In my judgment, CPR26.13(2)(b) seeks to draw a distinction between the primary financial remedy (whether that be debt, damages, statutory or equitable compensation or otherwise) on the one hand and any additional sum intended to compensate the claimant for being out of their money on the other i.e. precisely the interest award referred to in Wood.

49.

Furthermore, I am unable to accept Mr Butters’ argument that there is in this case no “…claim for interest”. This is a matter of substance rather than form. The assertion in the claim form in this case that “The Claim is not a claim for money” does not alter the fact that this is precisely what the Claimant seeks. A claim for rescission necessarily (on the Claimant’s case) carries with it a claim for money and a claim for interest in order as nearly as possible to achieve restitutio. Similarly, a claim for statutory compensation includes a claim for interest to compensate the claimant for being without his primary compensatory award.

50.

I conclude therefore that there is no real prospect of successfully arguing that interest forms part of the value of the claim for the purposes of identifying the normal track. It necessarily follows that the District Judge was right (even if his reasoning was somewhat less full) to conclude that the Defendant’s valuation was likely to be the more accurate and that the Small Claims Track was therefore the normal track for this claim.

51.

Once that conclusion is reached, it was for the District Judge, properly weighing all the factors in CPR26.13(1), to decide whether there was anything which took this matter outside of the normal track. This was an exercise that he explicitly undertook and I can see no basis for interfering with his exercise of discretion. Indeed, even if I had concluded that I was in a position to exercise my own discretion, I would have come to the same conclusion.

52.

The law as it applies to the primary issues that arise in cases of this kind is, as the Court of Appeal observed in refusing permission to appeal in Johnson, well settled. District Judges see ever increasing numbers of claims of this kind in which the same arguments are deployed by the parties, referring to the same authorities (whether properly so called or not). Evidence is likely to be limited. The District Judge’s reference to Payment Protection Insurance claims was apposite. When such claims first came to the fore, it was routinely asserted that their complexity meant that they could only be tried on the Fast Track. Experience has shown that the Small Claims Track is well suited to such disputes.

53.

The District Judge was right (and certainly entitled) to conclude that this matter was not unduly complex. The remedies available do not differ from track to track.

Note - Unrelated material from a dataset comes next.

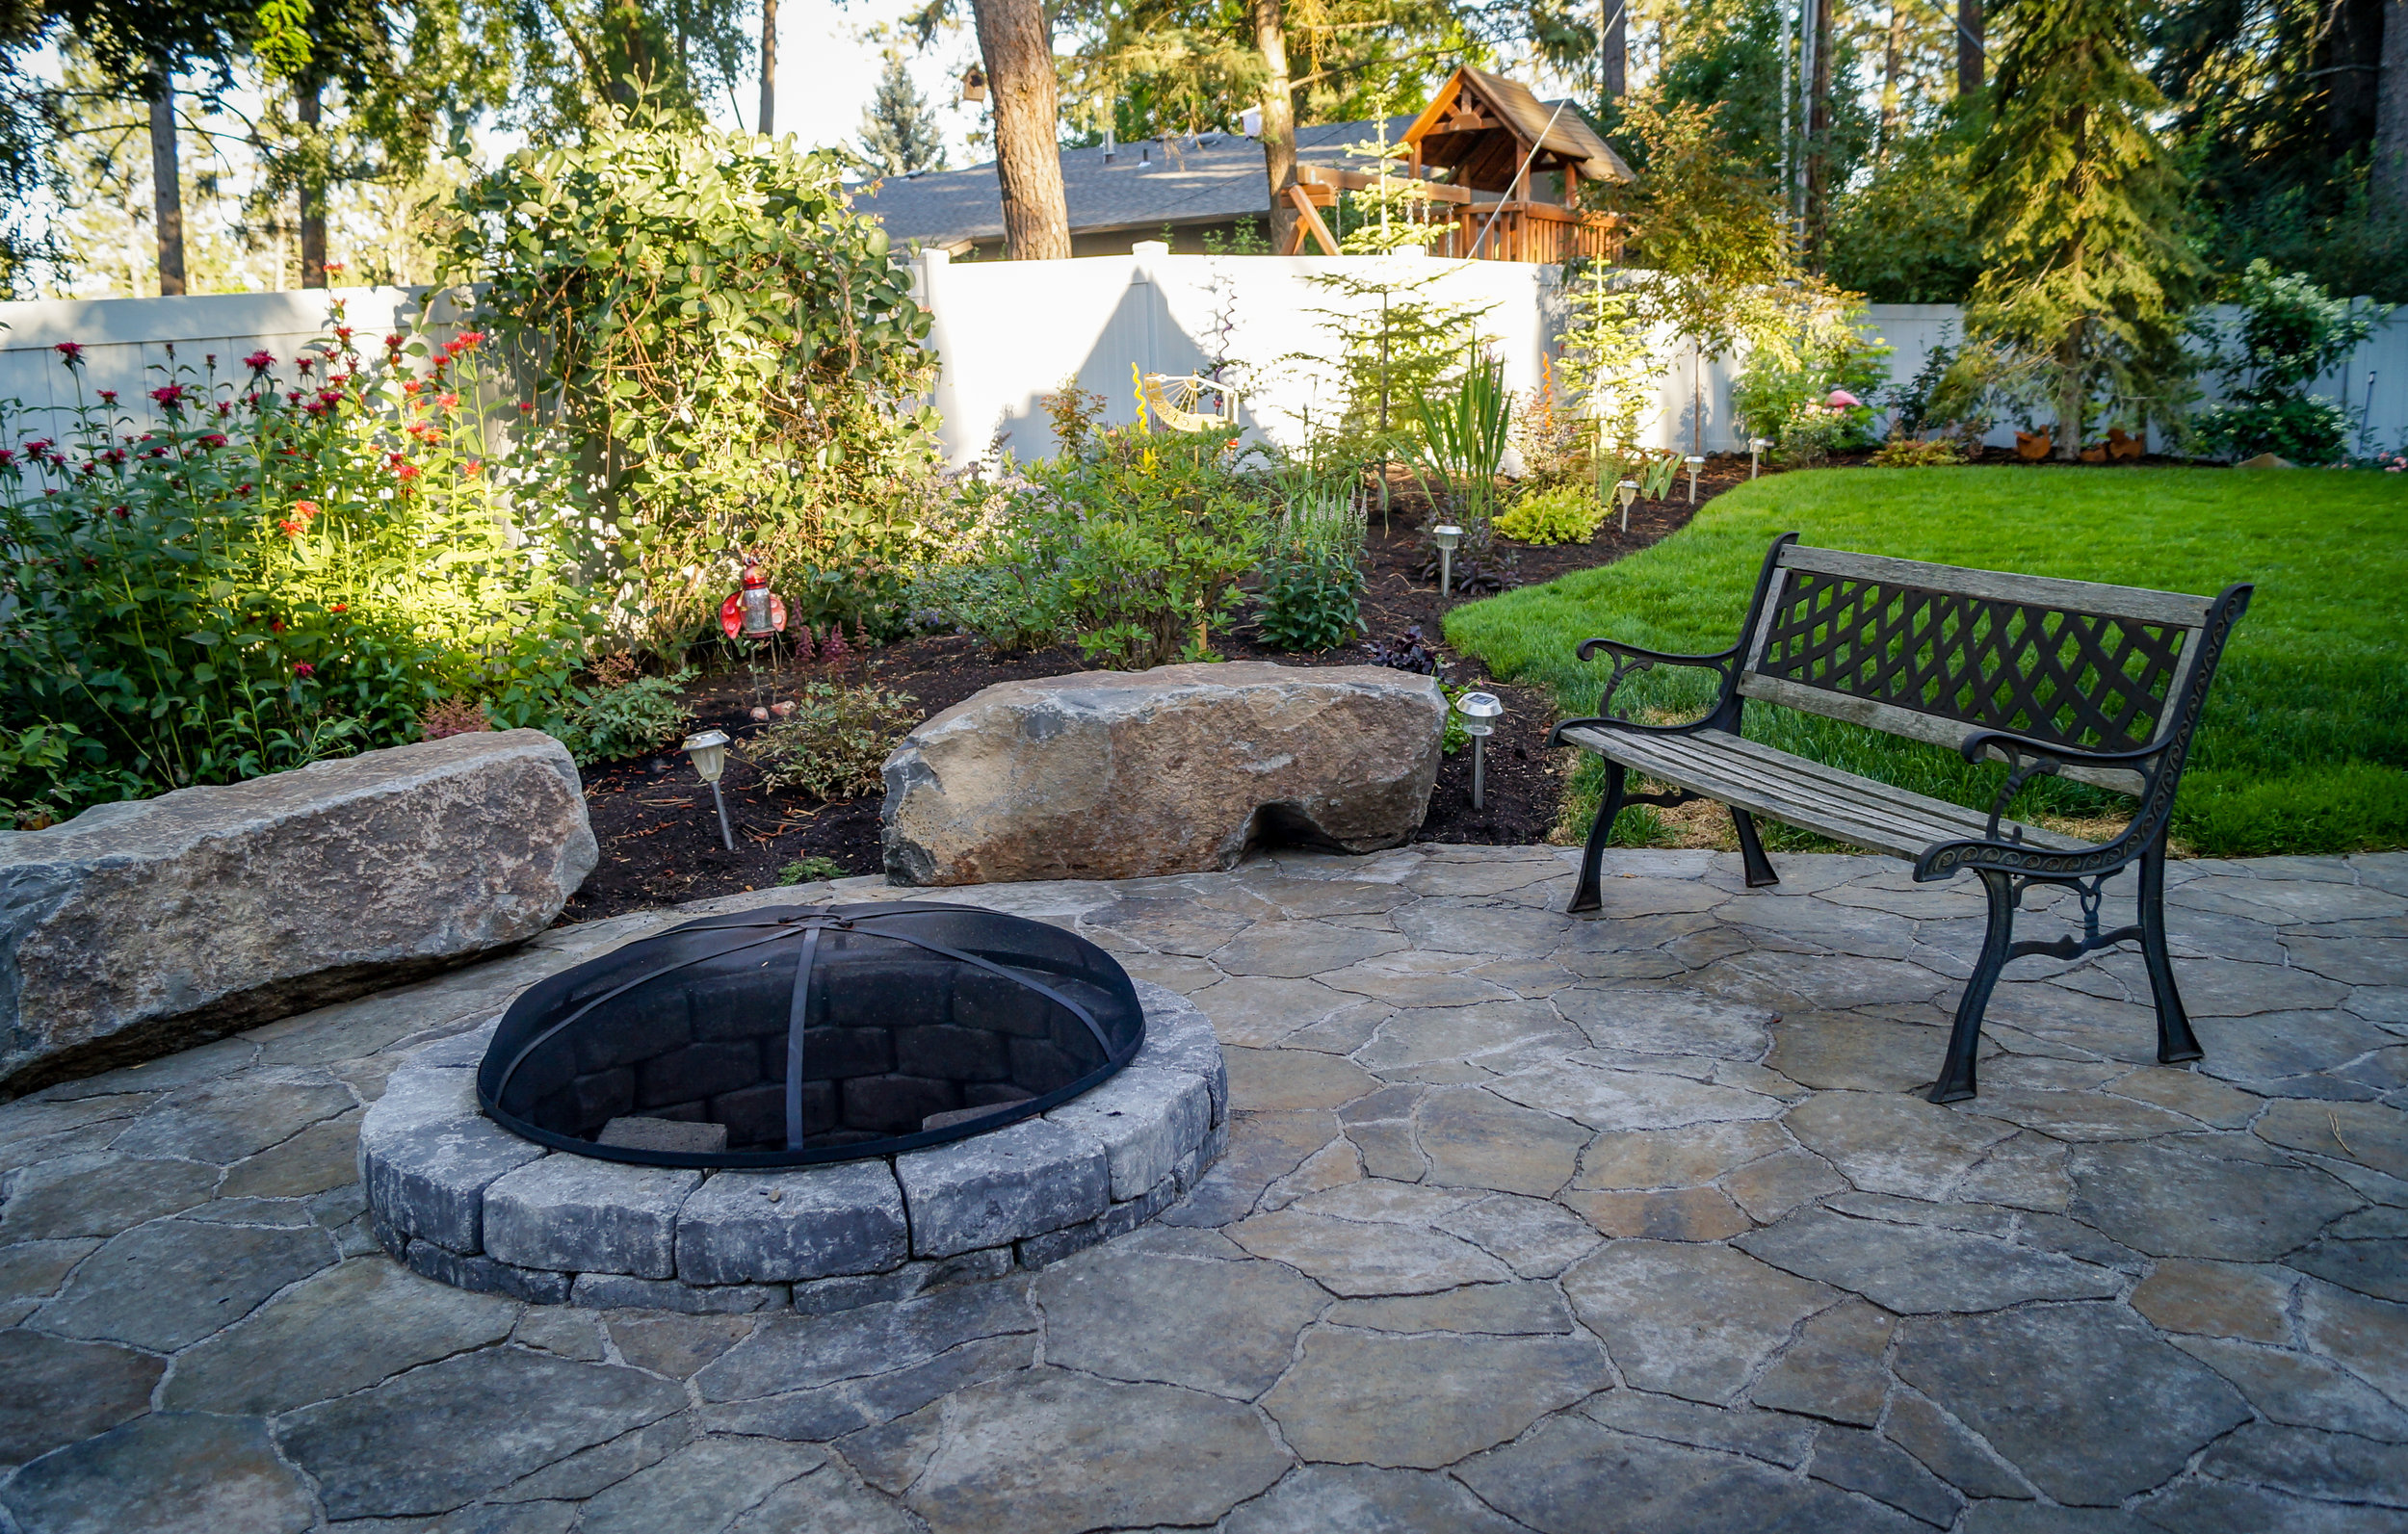 northwest landscaping with stone bench rocks and paver patio around fire pit

Whilst it might be said that these cases involve allegations of dishonesty in the sense considered in Johnson, this is not in my judgment ‘dishonesty’ in the sense intended by PD36.15(4) or in any event by itself a factor that weighs heavily enough in the balance to take the matter out of its normal track.

54.

Furthermore, the District Judge was right not to be deflected by the suggestion that allocation to the Fast Track was necessary in order to allow the matter to be tried fairly, either in terms of the directions required or as regards the Claimant’s expressed need for representation. Whilst orders for disclosure are not automatic on the Small Claims Track (CPR27.2(1)(b)) this does not mean that appropriate orders cannot be made (see CPR27.2(3) and CPR27.4(1)(b)). Mr Butters was careful not to say that the Appellant’s Solicitors would be unable to continue to act in the event of allocation to the Small Claims Track. The reality on the ground is that claimants in such cases continue to be represented on that track, albeit that the funding model may provide a less attractive basis for remuneration than an inter partes costs order.

55.

In my judgment the District Judge was entitled to allocate this claim to the Small Claims Track. Accordingly, whilst I give permission to appeal, the appeal is dismissed.